On the morning of August 13, Sharon went to visit another daughter in Jackson, California, about two hundred miles away from Cottonwood. She wasn’t scheduled to return until the early-morning hours of August 14.

  On the evening of August 13, John and Buddy Wayne Tidwell, David’s brothers, were visiting the residence on Chestnut Street. It was after nine at night when Annette asked David Tidwell for some money because she wanted to go to the nearby Holiday Market to buy some milk, bread and Squirt. She wanted to go on her skateboard, but David said it was getting too dark outside for that, and it was too dangerous. He told her she could walk to the store and then come right back.

  In August 1978, Darrell spotted eleven-year-old Annette Selix walking

  home at night from a store in Cottonwood. He knew her and her mom.

  (Yearbook photo)

  Joseph Pico, a clerk at the Holiday Market, saw Annette come into the store. She purchased a half gallon of milk, a loaf of Rainbow bread, a box of Cracker Jack, a couple of cans of Squirt and two tubs of Blue Bonnet margarine. Pico recalled later it was about half an hour before closing, which made it around nine-thirty.
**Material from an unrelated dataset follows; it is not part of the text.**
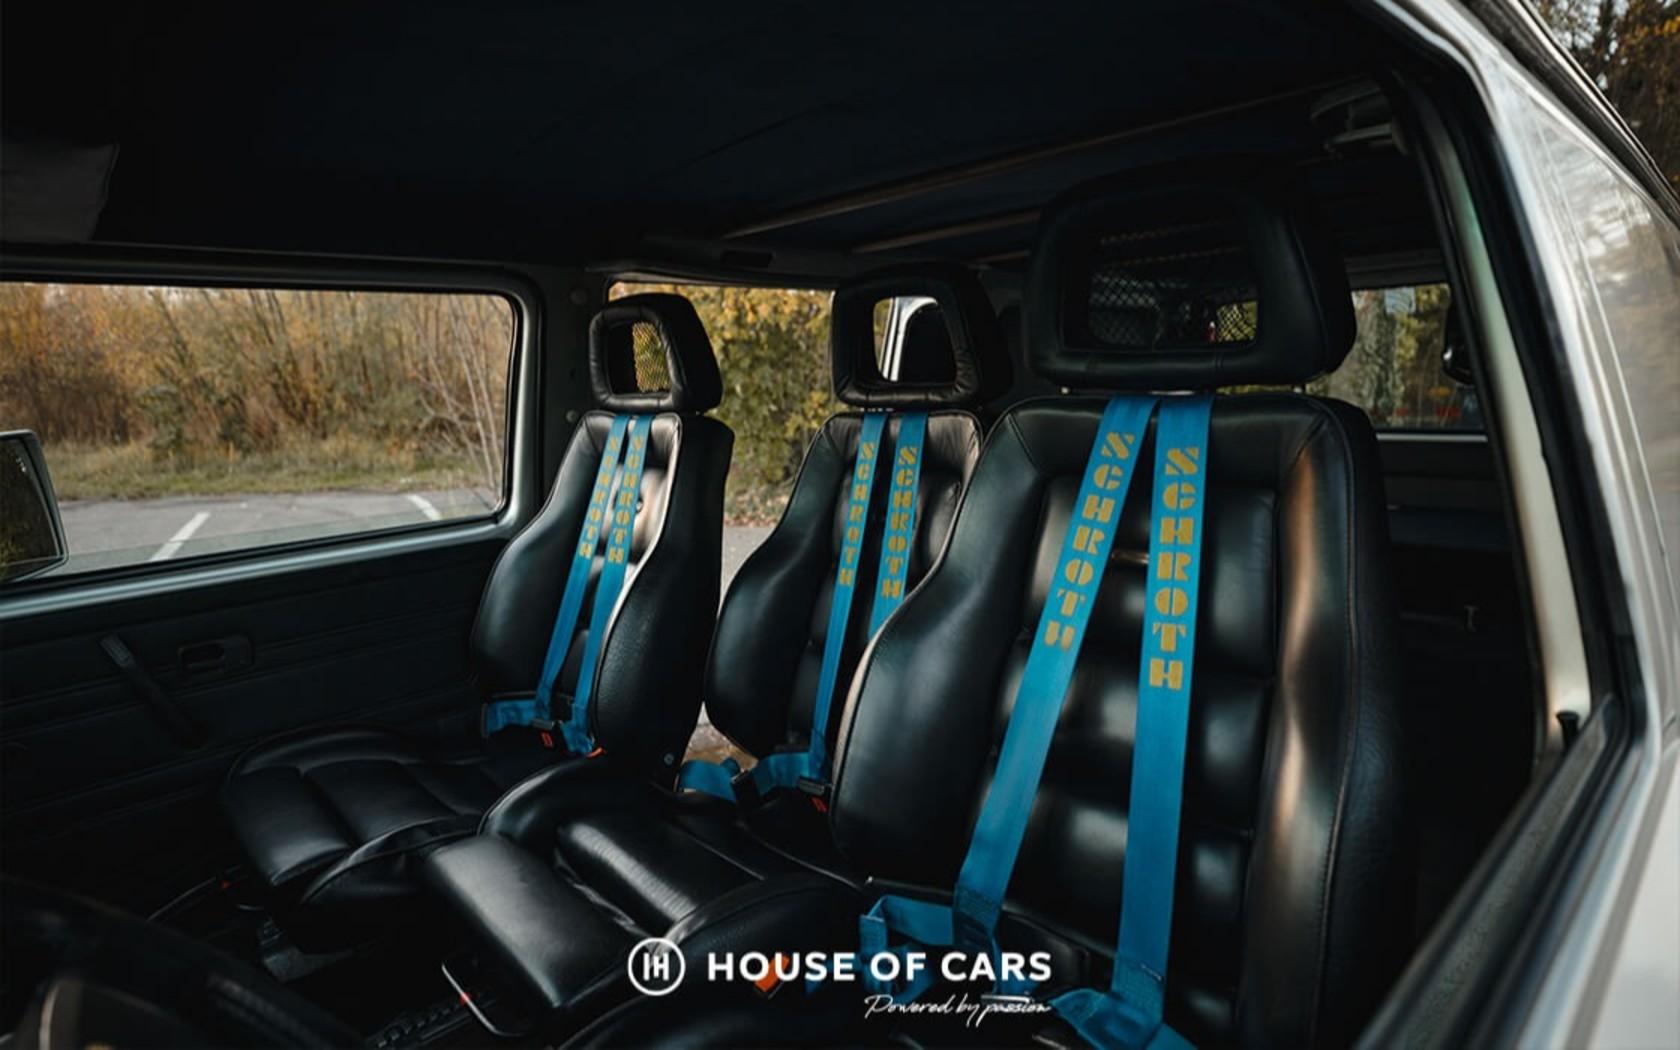 Старый Volkswagen T3 продают по цене нового Туарега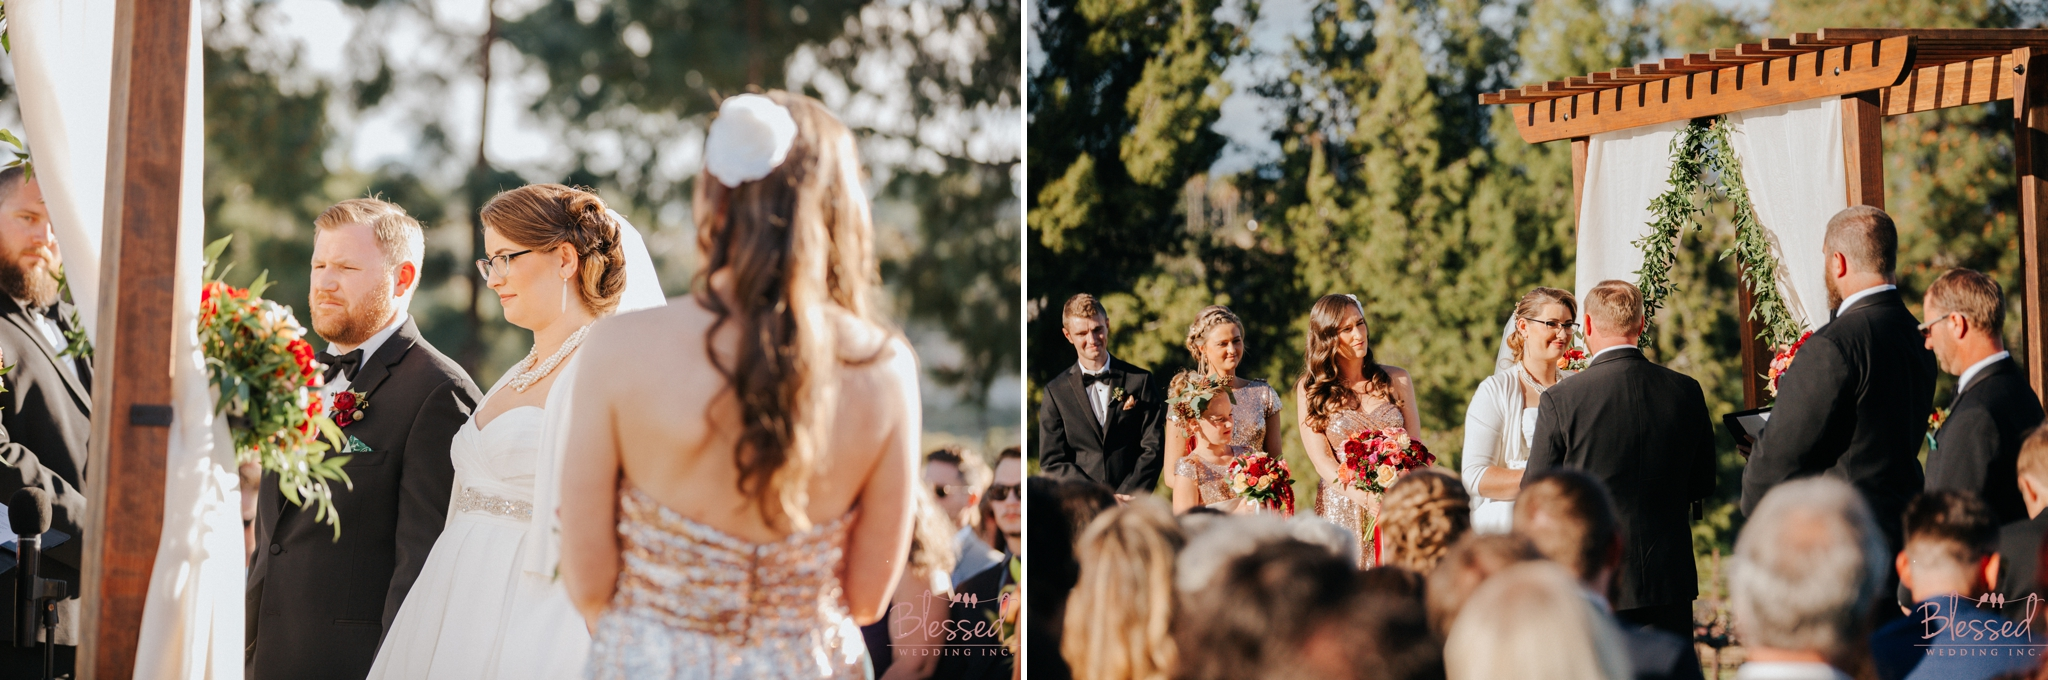 Orfila Vinery Wedding Temecula Wedding Photographer 15.jpg

  Annette started walking home, and Eric Creede was riding down the street on his moped. He recalled the girl carrying a couple of shopping bags. Eric went to the Holiday Market and Joseph Pico came outside to look at his moped. Annette had already disappeared from view at that point.

  And then one more person saw Annette Selix walking down the street. That person was Darrell Rich. At first, he didn’t recognize her. He only knew she was a girl walking alone on the street at night. Darrell pulled over and asked her if she needed a ride.